In short he said the office workers are cursing the Thavalama, because of the heavy traffic jams.
Puttlam district MP Eustauce Perera said there was a thinking among the people that the government was not interested in development work other than the war and the package. He said development work should also be undertaken simultaneously.
An angry President retorted, saying the government had embarked upon many development projects and had worked for the upliftment of the people.
We have launched many programmes in the villages even surpassing the UNP in a very short period of time, she said.
But more than anything, her main concern was to present the package in parliament on time.
While all the spade work was being done to meet the deadlines on the package, the UNP Working Committee met at Sirikotha last week for a long session.

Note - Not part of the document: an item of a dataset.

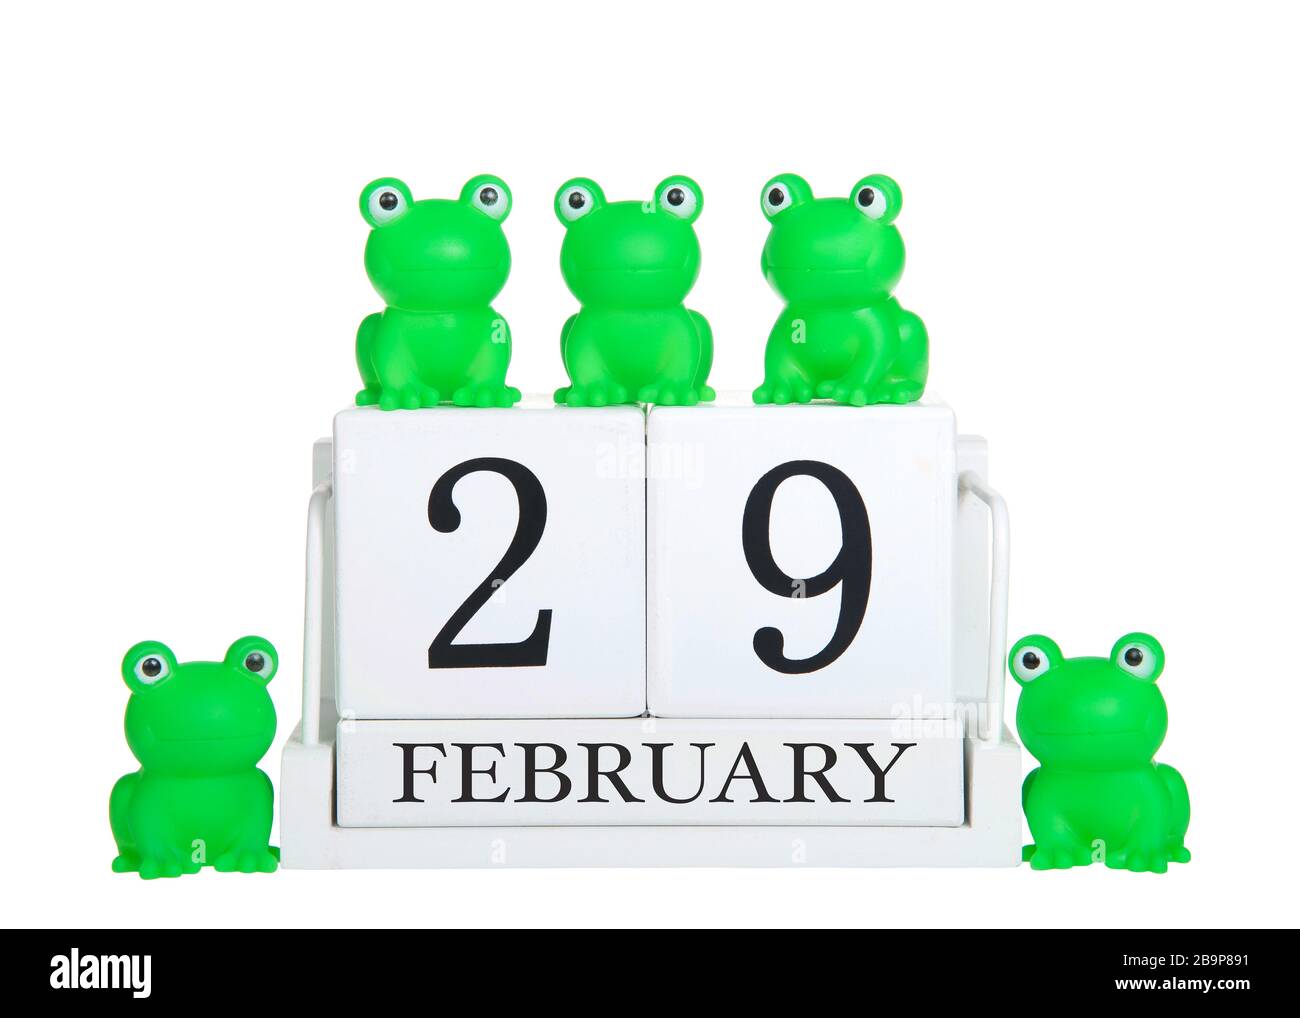 Blocs de calendrier blanc 29 février isolés sur fond blanc avec des grenouilles vertes génériques sur et autour du calendrier. Thème année bissextile Banque D'Images

Former Deputy Minister Gamini Lokuge spoke on the issue of several party members attending and making statements at functions, programmes and the likewise in areas, outside the partys permitted parameters.
This remark, many believed, was aimed at Susil Moonesinghe who recently prominently participated at the rally organised by the Buddhist clergy against Minister Mangala Samaraweera. But he was not present at the meeting to explain his position.

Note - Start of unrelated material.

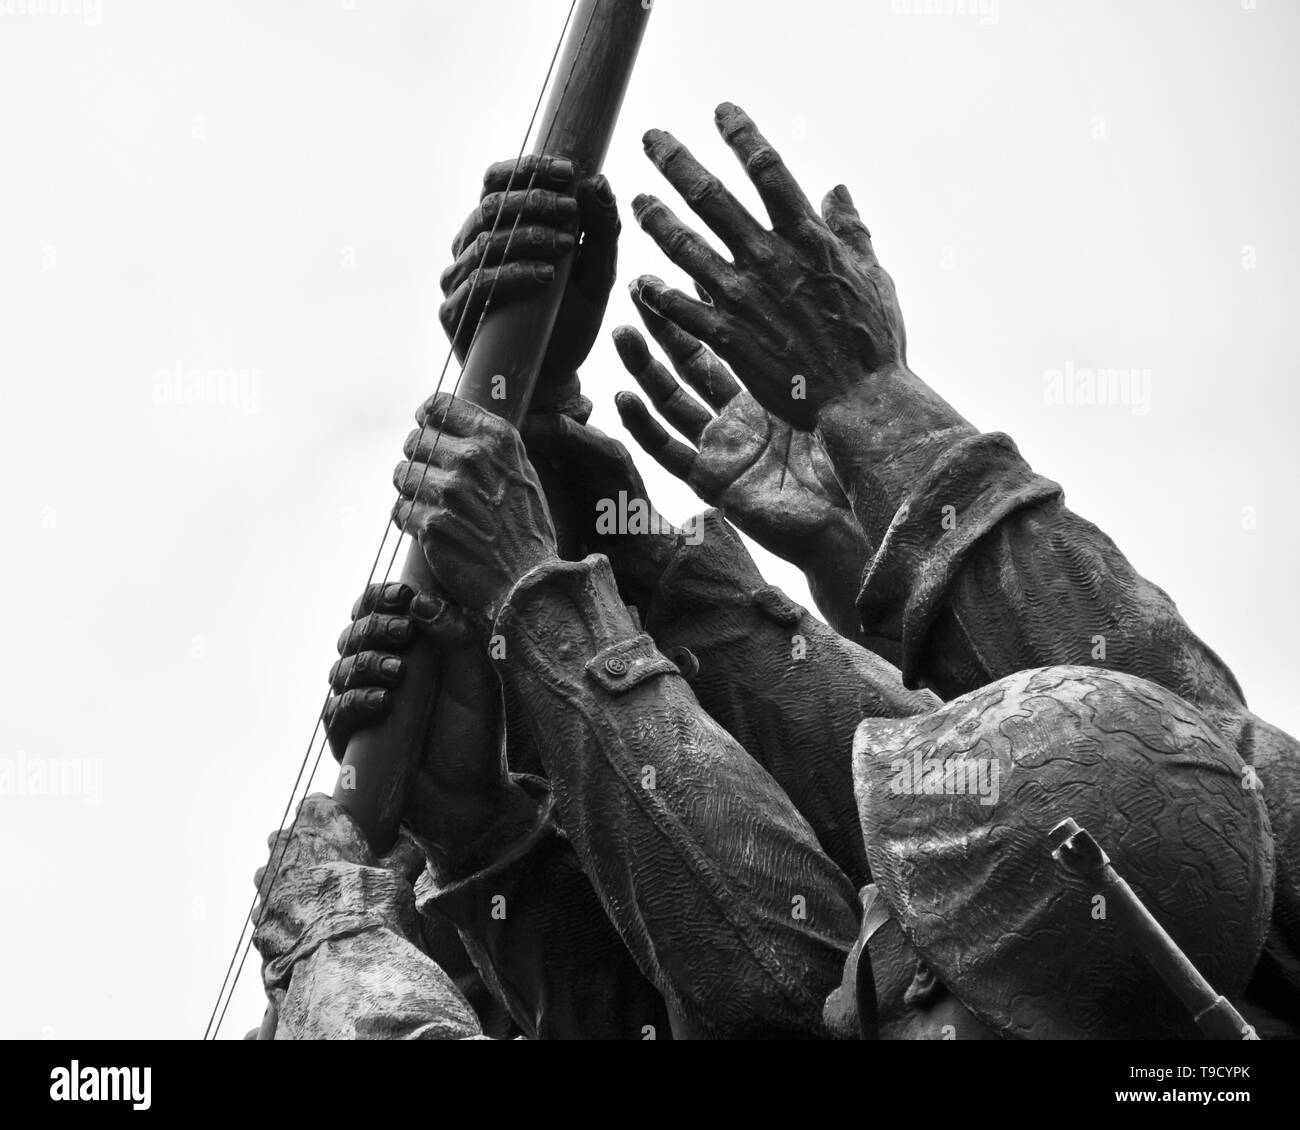 La U.S. Marine Corps War Memorial, que retrata el izamiento de la bandera norteamericana durante la batalla de Iwo Jima en la segunda guerra mundial. Foto de stock

Party leader Ranil Wickremesinghe however took this opportunity to emphasise on the partys laid down conduct on such matters and mentioned that party members should refrain from indulging in such acts without obtaining the approval of the party.

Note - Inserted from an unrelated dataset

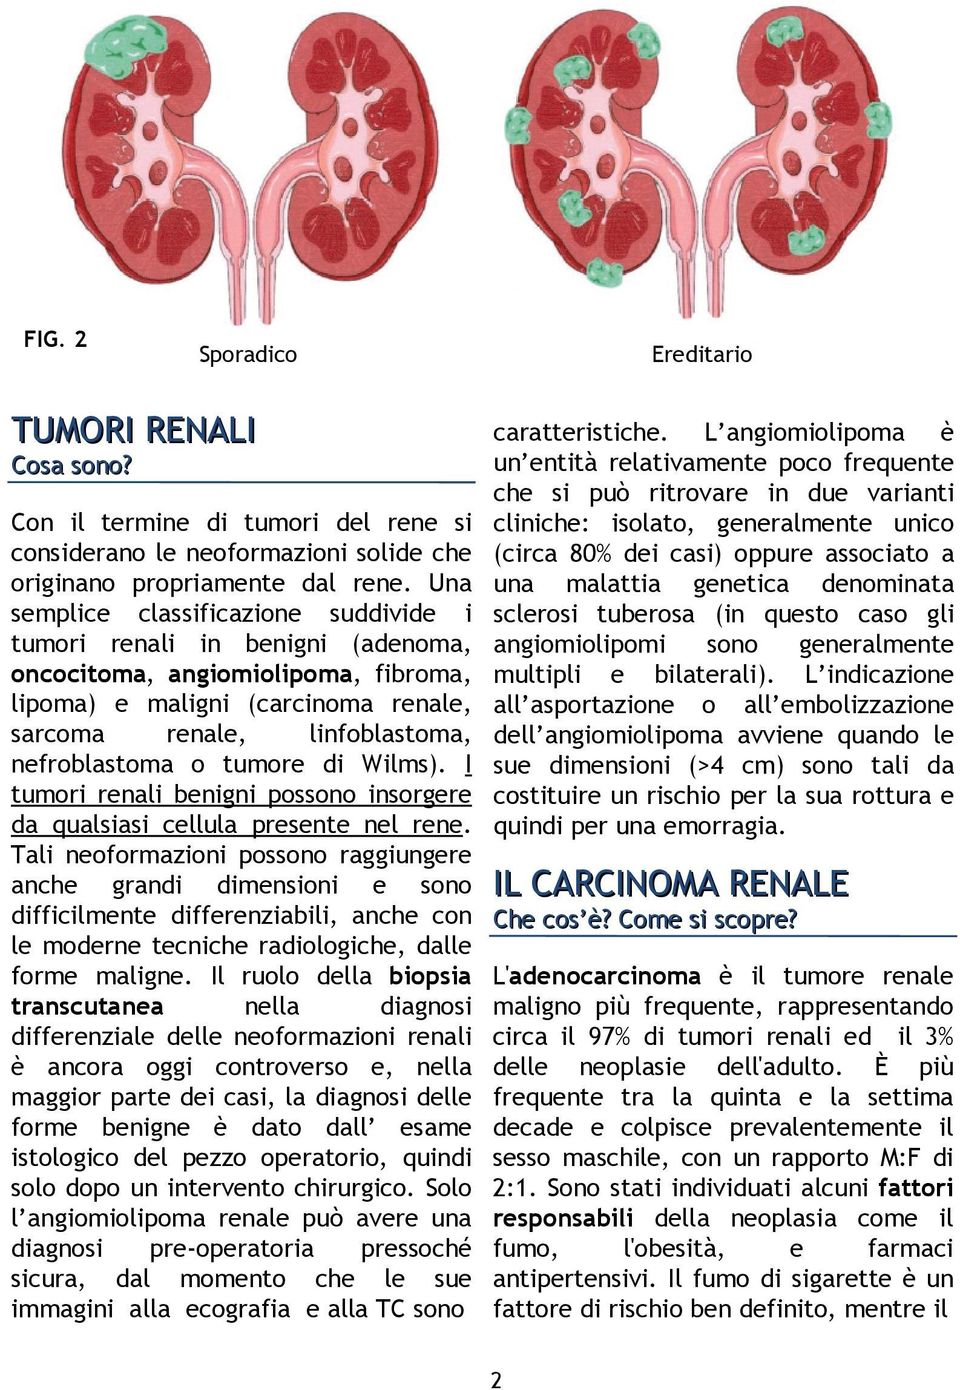 I tumori renali benigni possono insorgere da qualsiasi cellula presente nel rene.

Mr. Wickremesinghe said he would dispense with the matter with only a written communication and directed General Secretary Gamini Atukorale to send a circular to all members on how they should get about in such matters in the future.
The Working Committee also discussed about the disturbing economic trends and their new programme to reach out to the grassroots.
The week beginning today has been devoted to this purpose and UNP organisers are scheduled to visit many public places to educate the people on the present political trends in the country and the war situation.
Making his own assessment on the present situation in the North and the East, Mr. Wickremesinghe said the on-going war was not showing much success and they may have to re-think of their strategy which may once again drive the country into a severe set-back.
With this given situation, he said it was surprising that Anuruddha Ratwatte had to bring Buddhist monks in support of Minister Mangala Samaraweeras battle against the monks.
Although most of the members thought that the Working Committee would take up the Wijeyapala Mendis issue, the leader did not want to discuss it since parliament had put it off for January.
But there is continuing heat being built up by the young turks of the UNP against Wijeyapala Mendis continuity.
Even on the bus Mr. Mendis sent to transport MPs to the Ranweli Hotel to participate in the Harold Herat felicitation ceremony, only 15 members travelled including former Minister John Amaratunga.
Mr. Mendis was seen singing at the party being part of his public relations exercise to win support of MPs in his bid to save his seat.
However most of the Working Committee members are toeing Ranil Wickremesinghes line and exerting pressure on Mr. Mendis to resign.
Besides these, it was an awkward situation for new Treasurer Milroy Perera who had to tender an apology to the Working Committee for not having the monthly accounts ready on time for the presentation of the Working Committee.
Besides all these the most crucial thing for the UNP to-day is to decide its stand on the package. But it seems the UNP would try to put off the matters since Mr. Wickremesinghe would be out of the country from October 13. At the Select Committee meeting scheduled for October 14, the UNP would not take any stand since a high powered committee of the UNP decided that the leader should handle the devolution matter by himself. But when the Select Committee meets on the 14th to finalise the unit of devolution, the UNP would not be in a position to announce its response on this national question.
In these circumstances, there are questions as to when the package would be finalised and also whether it would be finalised at all.